The front-end 100a may include a dialog manager 102 and a plan manager 103. The backend 100b may include an application manager 104 and services 105. The dialog manager 102 may include a speech recognizer and semantic parser for constructing actions from the user. The dialog manager 103 may also output speech signals via a speaker (not shown) for further interaction with the user. Alternatively, output may be provided visually on a display (not shown). The dialog manager 102 may pass the user-initiated actions to the plan manager 103. The plan manager 103 may generate and manage one or more plan sessions 107a to 107n. The plan manager 103 may include an user-initiated action distributor 106, which may selectively assign a received user-initiated action to one of the plan sessions 107a-n.

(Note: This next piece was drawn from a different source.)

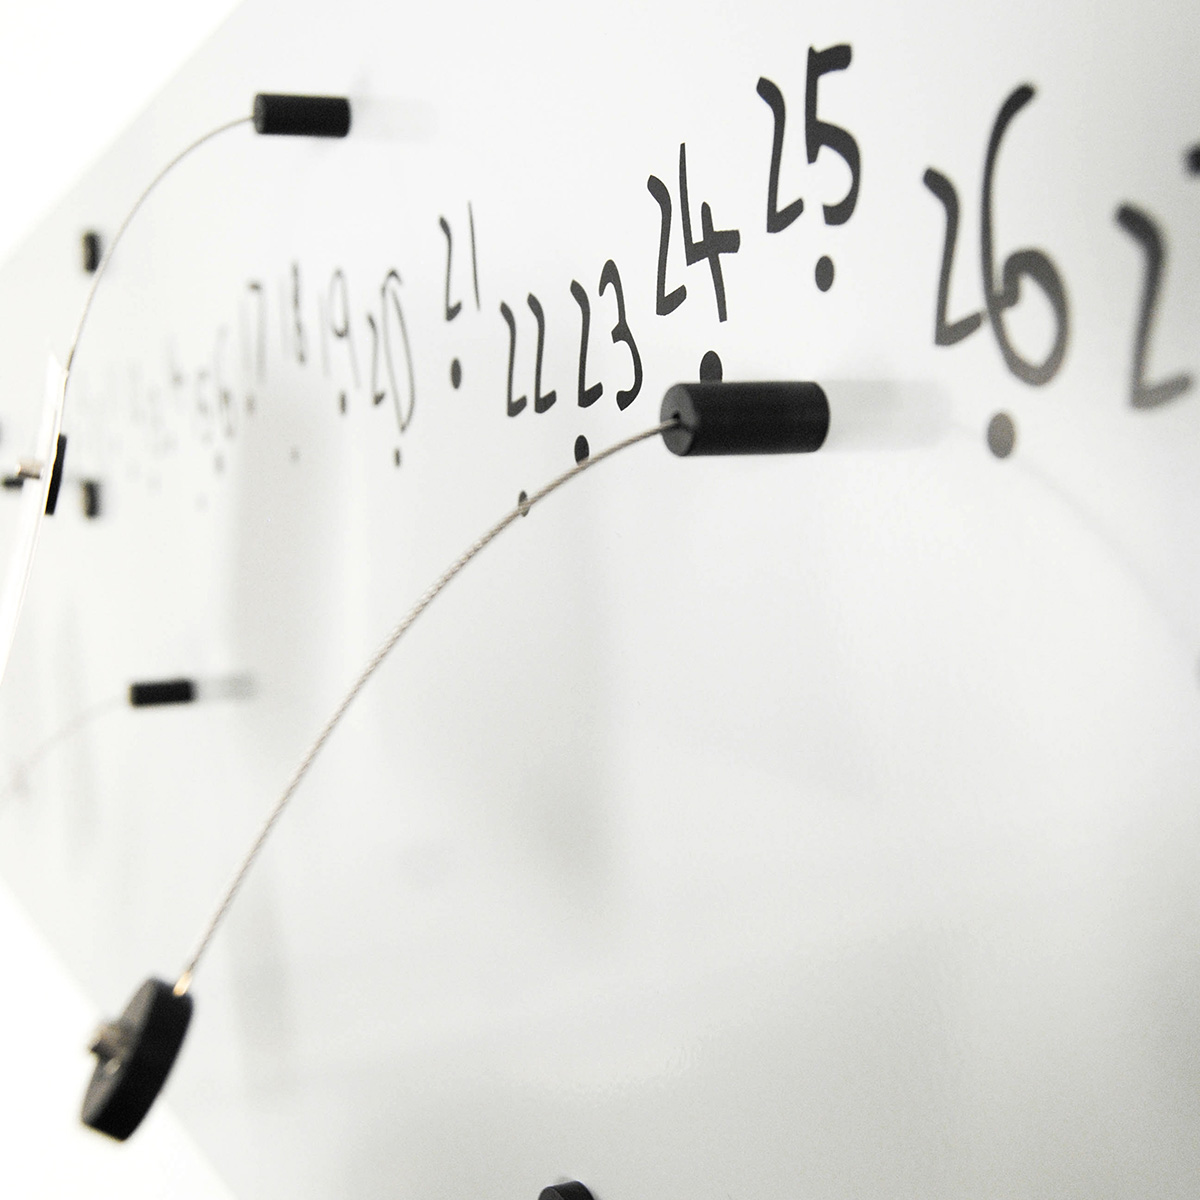 calendario-perpetuo-lavagna-magnetica-perpetual-calendar-magnetic-board-design-detail-kro2-white

A plan session 107 may include an user-initiated action queue 108 and a plan engine 109. The user-initiated action queue 108 may queue the received user-initiated actions pertaining to the respective plan session 107. The plan engine 109 may instantiate, and execute the instantiation of, a plan script 110. The plan engine 109 may retrieve the queued user-initiated actions during, and use the queued user-initiated actions in, the execution of the instantiated plan script 110. A plan script 110 is a file that defines the presentation logic and dialog strategies of a complex task/application, e.g., according to which the plan engine 109 causes the dialog manager 102 to interface with the user. The plan script 110 may be, e.g., an eXtensible Markup Language (XML) file. The plan script 110 may include a set of business and dialog activities, data flow and control flow of these activities, the controlling logic of user-system conversations, and the controlling logic of communicating with an application session 112 which may invoke services 105. In this regard, the plan script 110 may be used to describe dialog activities people perform to reach certain dialog goals, also referred to herein as dialog strategies. Such examples may include clarification dialog strategies and error recovery dialog strategies.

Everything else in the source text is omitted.